Every day… same place, same soup. One of our friends would cover their bowl with a mountain of pul biber (that fiery Turkish pepper) and brace themselves for the reflux, clutching a soda with baking soda like a shield.
Four years passed like that.
Lentil soup, politics, the news, traffic…
Now let’s zoom in on that soup, with the lens of a camera, like in a scene from a film.
Wherever you go in Turkey, in every eatery, kebab house, or restaurant, one item always stands tall at the top of the menu: lentil soup. The warm, comforting dish mothers whip up by tossing everything into a pot in two minutes flat, saving the day with its golden simplicity…

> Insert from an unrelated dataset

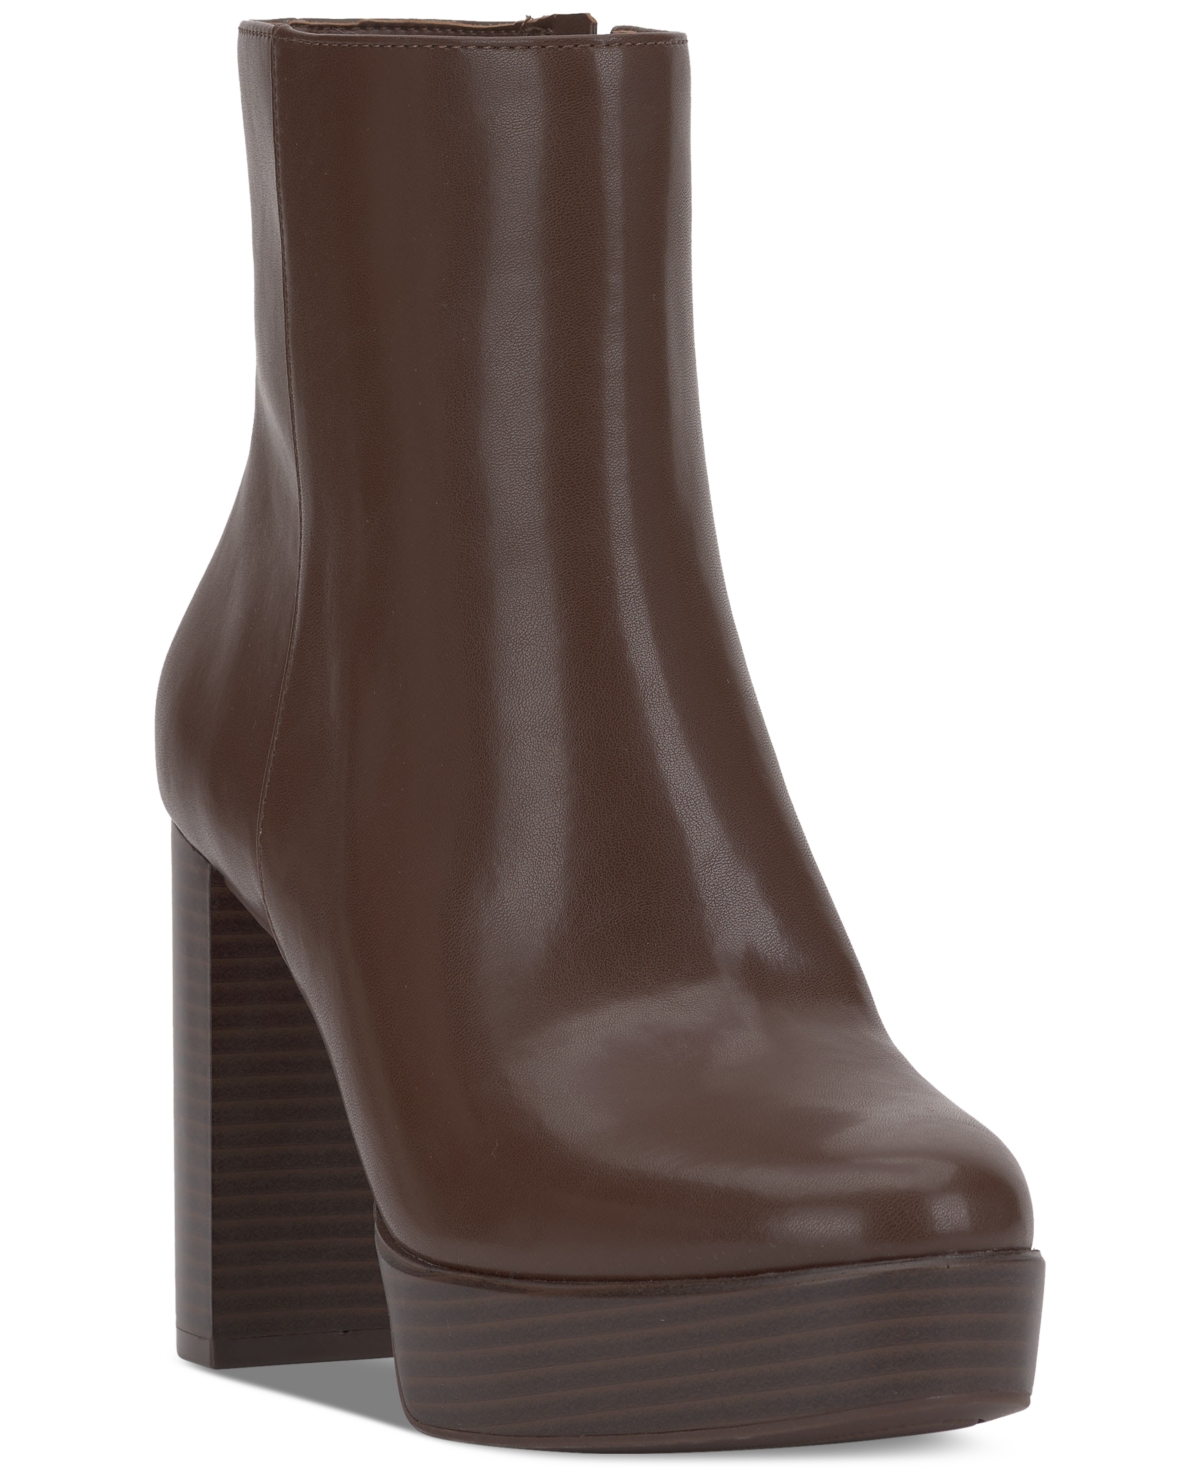 Women's Galsuenda Platform Booties, Created for Macy's - Brown Smooth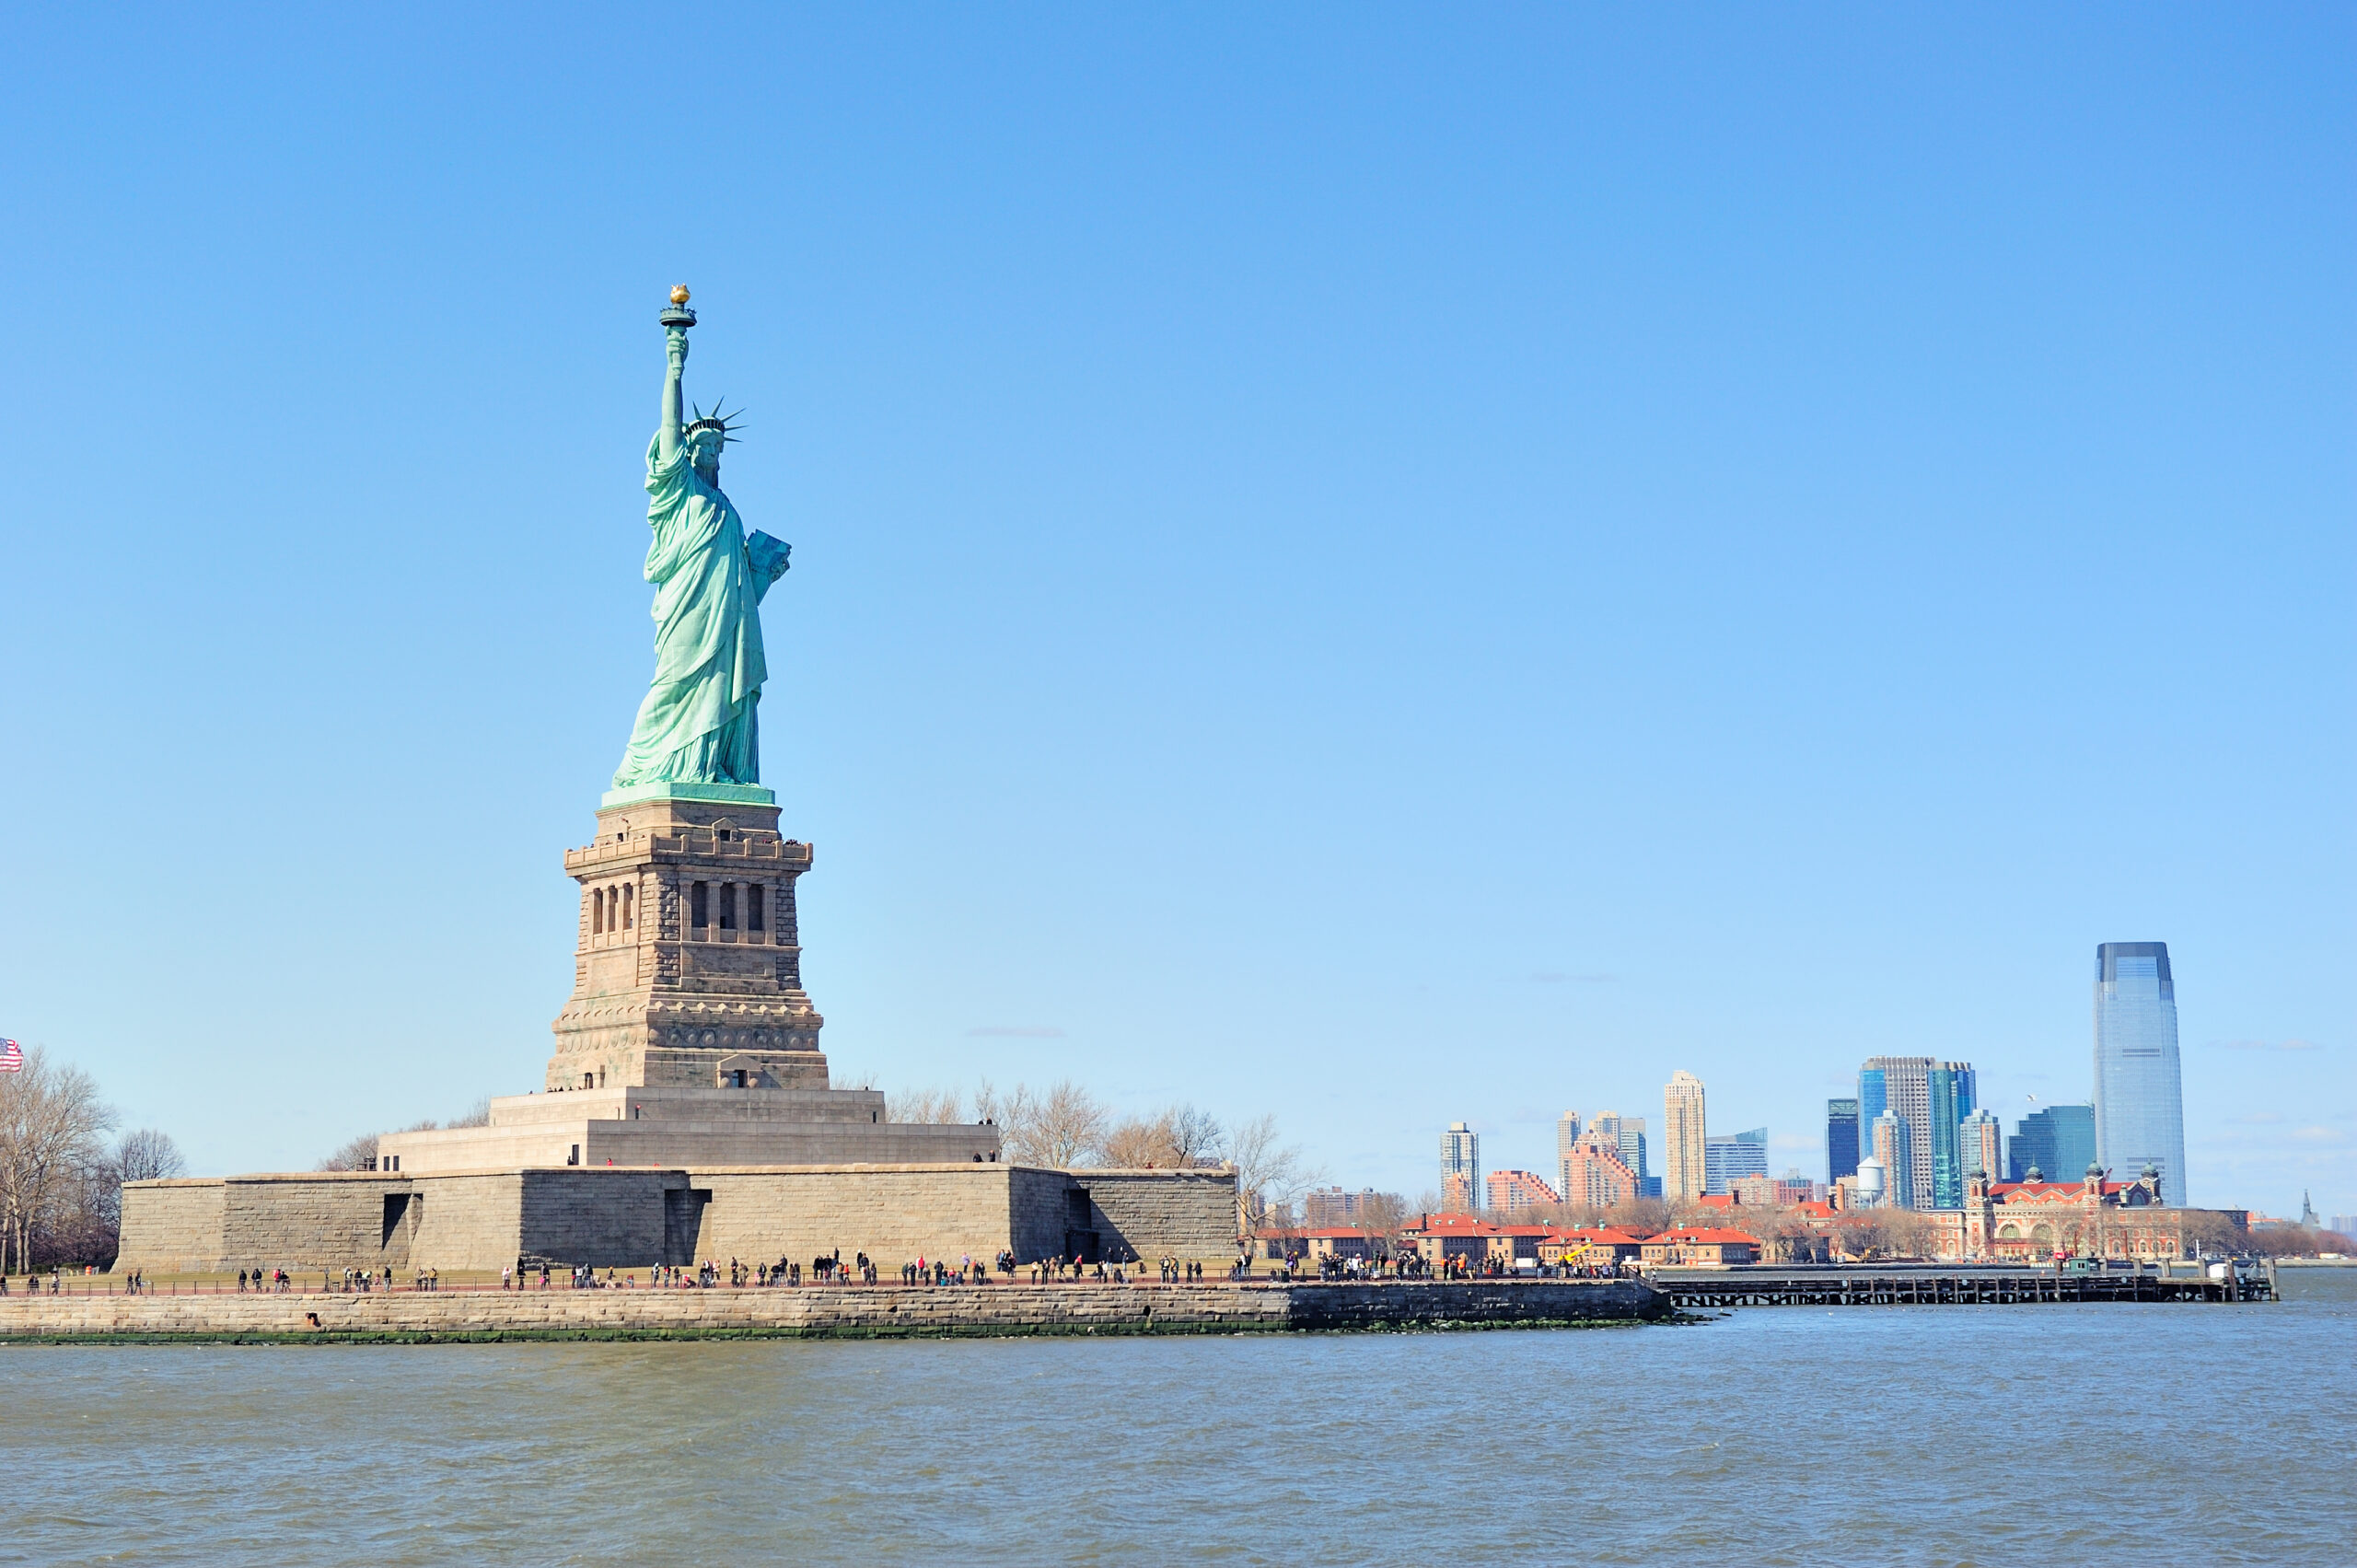 Statue of Liberty tours

Years later, I made that soup again.
My Danish husband took one spoonful and said;
‘‘This tastes just like our gule ærter.’’
No… It was our lentil soup!
I didn’t think much of it at the time. The soup faded into memory.
But as I began to nourish my roots through Kavata, I wanted to build the foundation of my recipes using local ingredients here in Denmark. I spent hours thinking about how to adapt my recipes to what grows and thrives here.
I ordered kilos of dried beans. Fuego beans, dried peas, Ingrid ærter…
Fuego beans reminded me of our fava meze, but they also evoked the taste of that old lentil soup from back in the day.
So I made a classic bowl of lentil soup with fuego beans.
My husband immediately commented;
‘‘This tastes just like our gule ærter.’’
No! It is our fava meze. I didn’t use
ingrid ærter!
To me, it tasted like a cross between fava meze and that golden-yellow lentil soup from my school days.
And just like that, two people from entirely different cultures found themselves at the same table, through a bowl of soup.
I was over the moon.
I decided then and there to create a new recipe from those beans.
A little Danish, a little Turkish…
Paying homage to fava, that beloved meze.
Infused with the aroma of fennel and cinnamon…
Blended with the fresh, grassy note of asparagus…
A Danish lentil soup transformed into a Turkish-style meze.
What we ended up with was a tiny, spoonable soup, a bite-sized meze, that left a big smile on our faces.
Cultures, ideas, beliefs, people…
No matter how much we try to separate them, in the end, they’re this close.
At the heart of it, we’re all just a simple bowl of soup.
A warm memory.
May the abundance of beans be with you always.